Sollte Griechenland zahlungsunfähig werden und in der Folge auch Hellas-Banken kollabieren, könnte die Regierung in Athen dazu gezwungen sein, Schuldscheine auszugeben, um zum Beispiel die Staatsbediensteten zu bezahlen. Dies wäre de facto der Beginn einer Parallelwährung. Ein EZB-Vertreter sagte zu Reuters, weil es in den Verhandlungen keine Fortschritte gebe, sei man gezwungen, sich solche Szenarios anzuschauen. Die EZB würde solche Schuldscheine voraussichtlich aber nicht als Sicherheit für weitere Nothilfen an die Banken akzeptieren.

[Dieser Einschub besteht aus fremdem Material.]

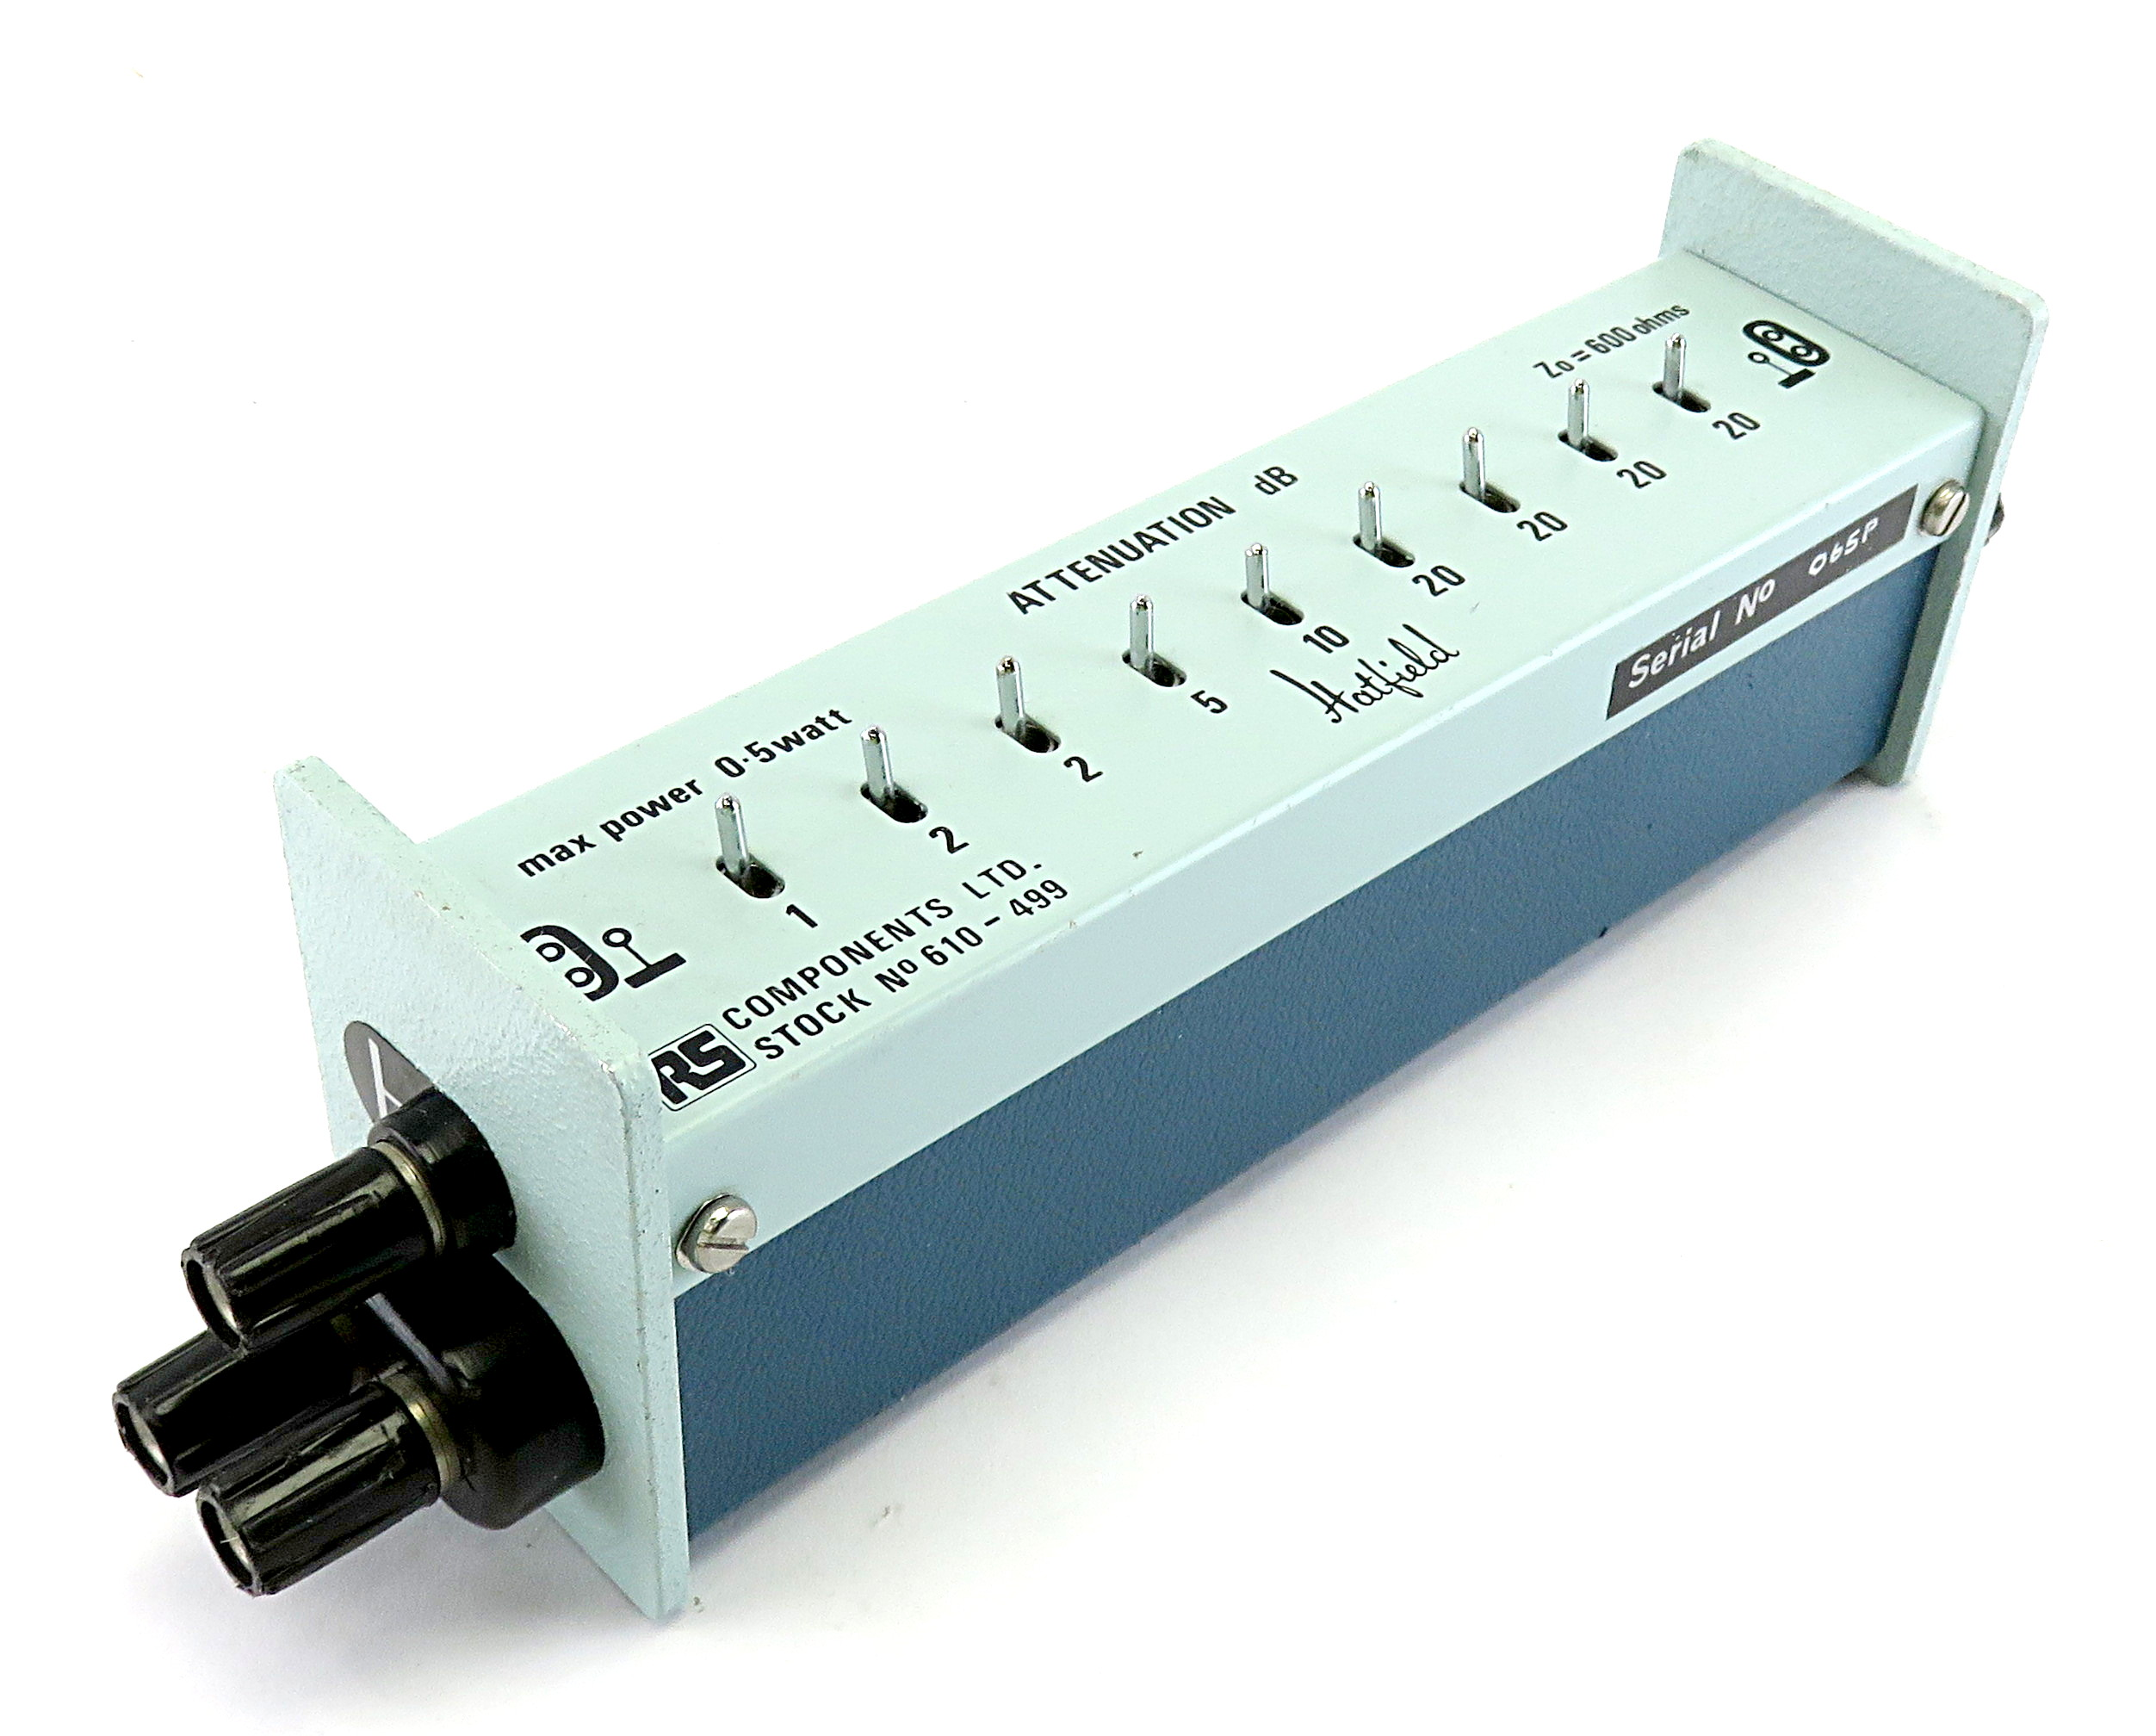 Hatfield Instruments Attenuator Type 2135 600 Ohm Variable Attenuator

Griechenlands Finanzminister Yanis Varoufakis warnte im spanischen Sender "La Sexta" vor den Folgen einer Staatspleite: "Jeder, der darauf setzt, dass die anderen Länder überleben, wenn man ein Stück von der Euro-Zone abschneidet, der spielt mit dem Feuer." Manche Leute glaubten, der Rest Europas sei von Griechenland abgeschottet und die EZB habe Werkzeuge, um Griechenland abzutrennen, so Varoufakis in dem bereits vor zehn Tagen aufgezeichneten Interview. Er zweifele aber sehr daran.